My current research focuses on reproductive variation, and how natural variation in wide-ranging species can help us predict how organisms will respond to global warming.
I began working in the tropics as a field assistant in Sabah, Borneo immediately after college, studying distributions and movement patterns of stream-dwelling frogs. For my master's degree, I examined the relationship between health and reproductive success of a small parrotlet (Forpus passerinus) in Venezuela. Since then, I have worked as an assistant herpetologist for Operation Wallacea on Sulawesi, have conducted preliminary dissertation research trips to Thailand and Malaysia, and have assisted on and led collecting trips in Thailand for the Field Museum of Natural History.
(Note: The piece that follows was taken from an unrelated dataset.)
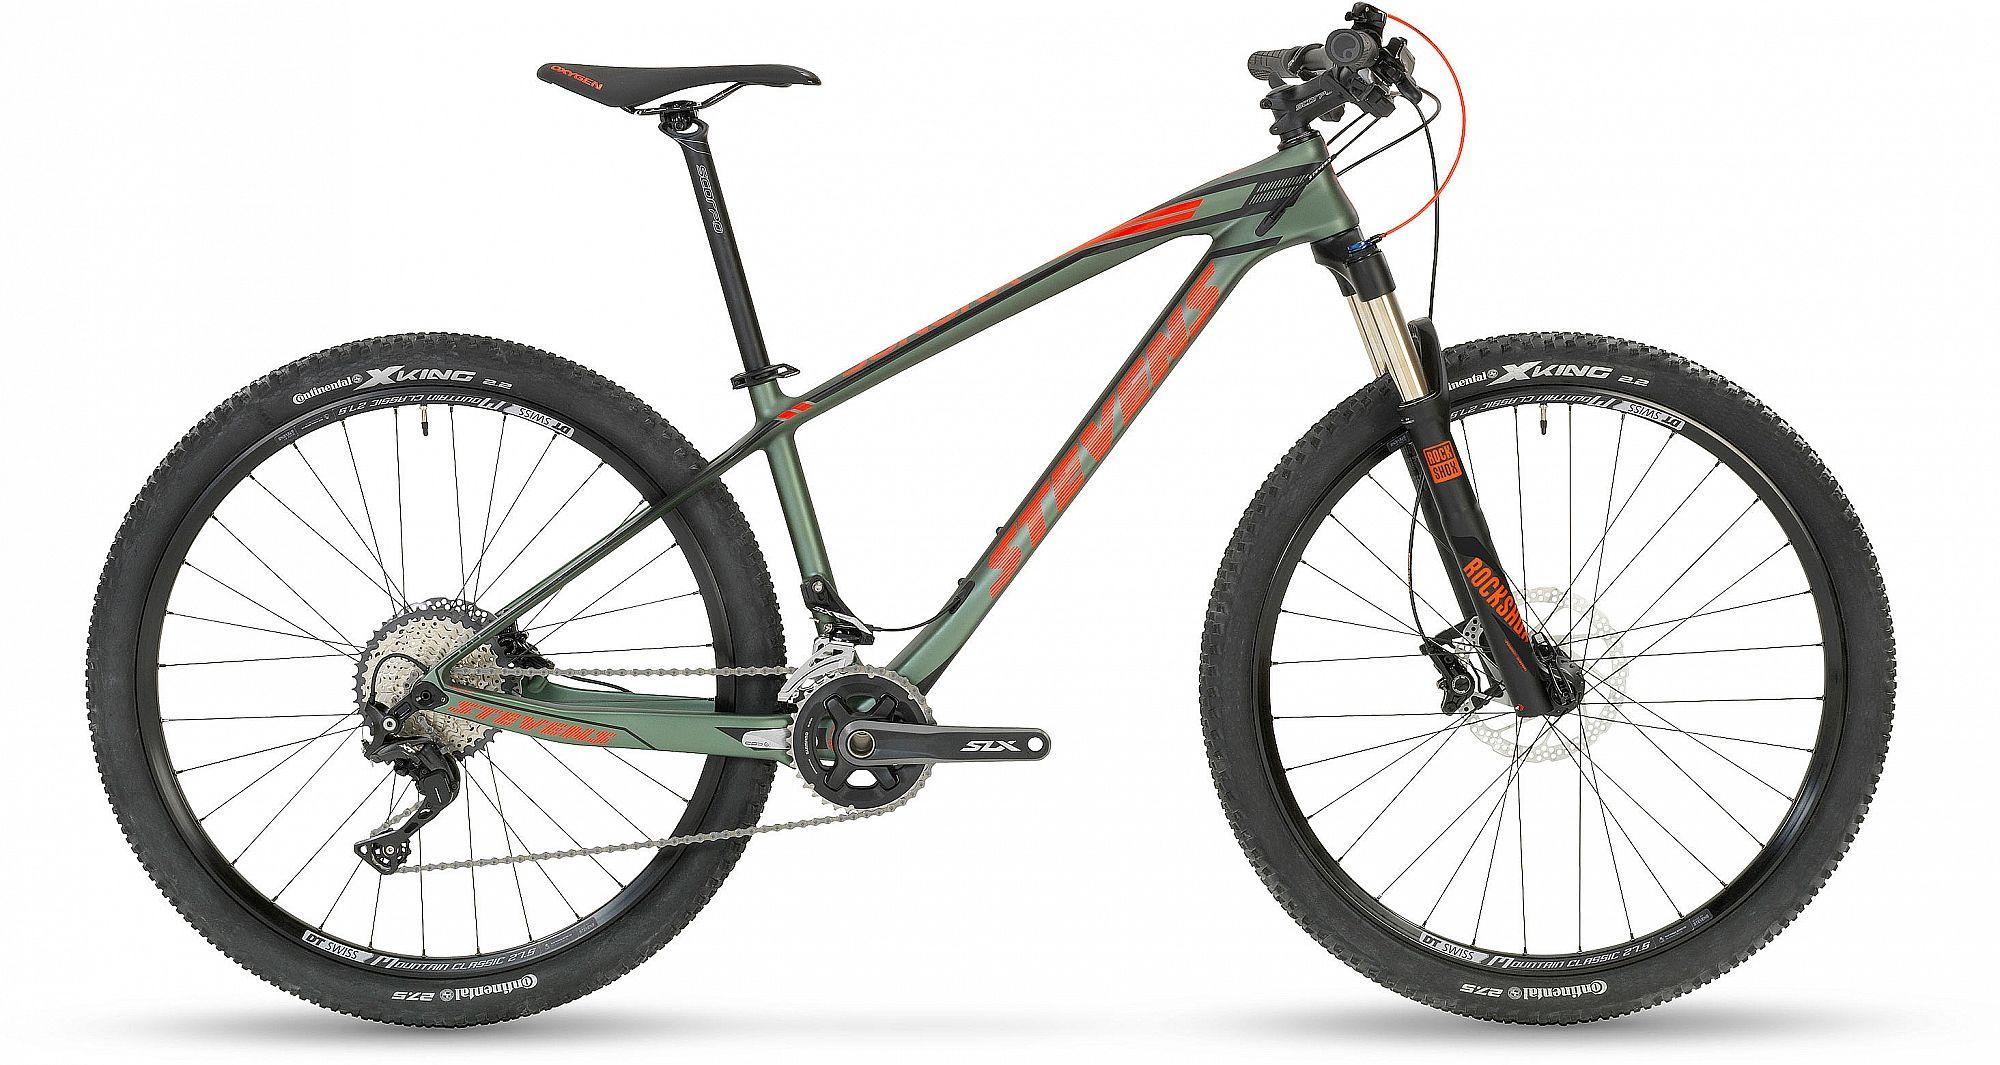 stevens 2017 sonora 29 zelen xc carbon stevens bikes. Black Bedroom Furniture Sets. Home Design Ideas
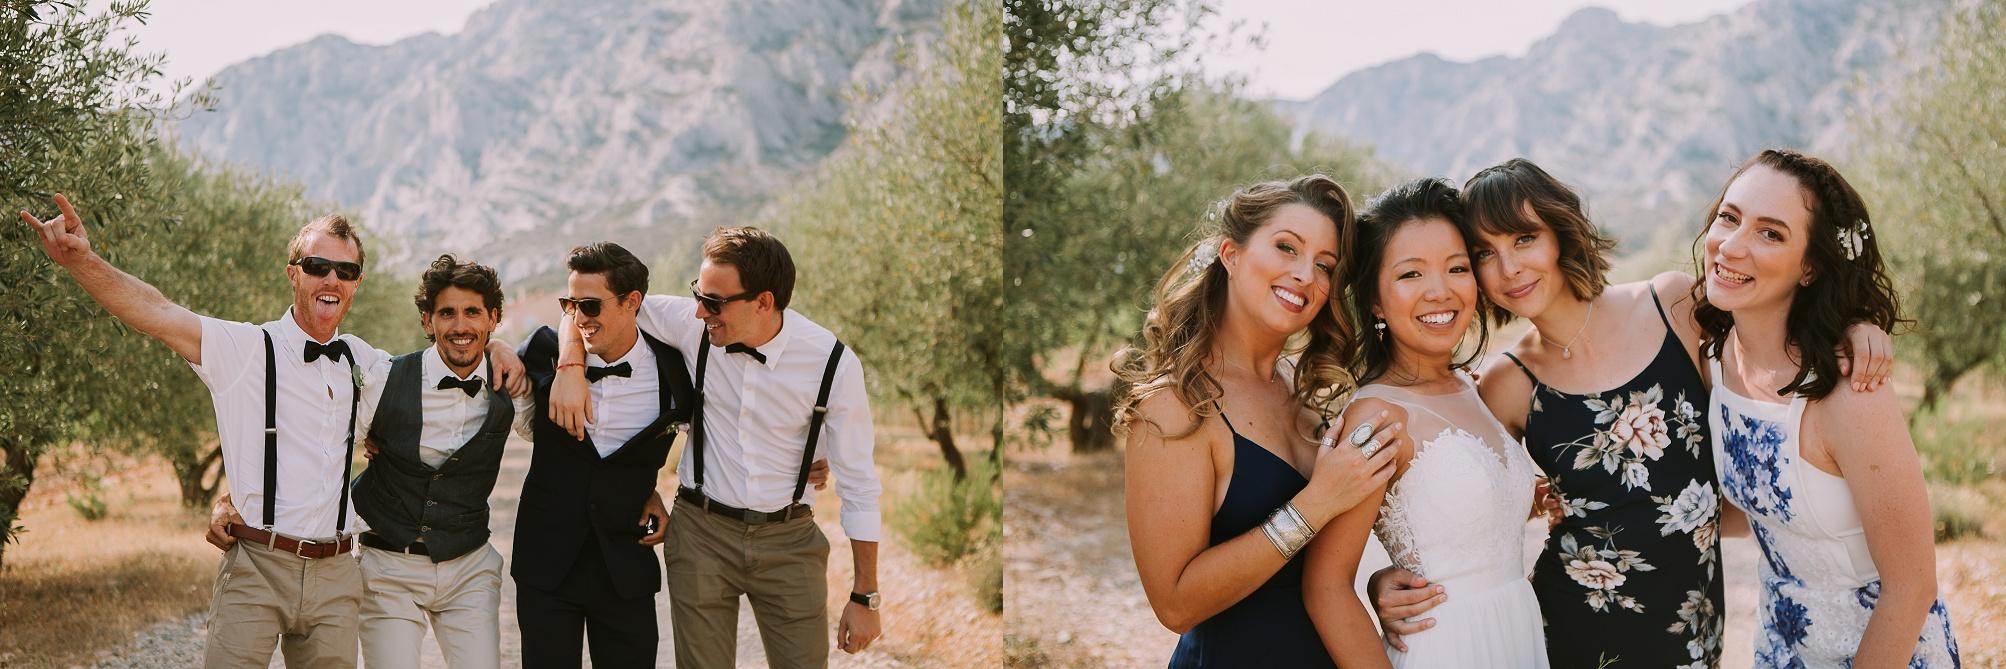 katerynaphotos-mariage-photographe-puyloubier-provence-aix-en-provence-sud-de-la-france_0391.jpg

Since April 2005 I have been conducting field work for my dissertation, examining reproductive variation in three wide-ranging frog species (Microhyla heymonsi, Rana erythraea, and Polypedates leucomystax). I am using call and genetic (16S) data to determine whether they are indeed the same species in an aseasonal location (Singapore) and a seasonal one (Sakaerat Experimental Research Station, Thailand). Concurrently, I am collecting data on clutch size and (for P. leucomystax) egg size to determine whether these frogs adjust to the shorter breeding season in Thailand by increasing their reproductive output.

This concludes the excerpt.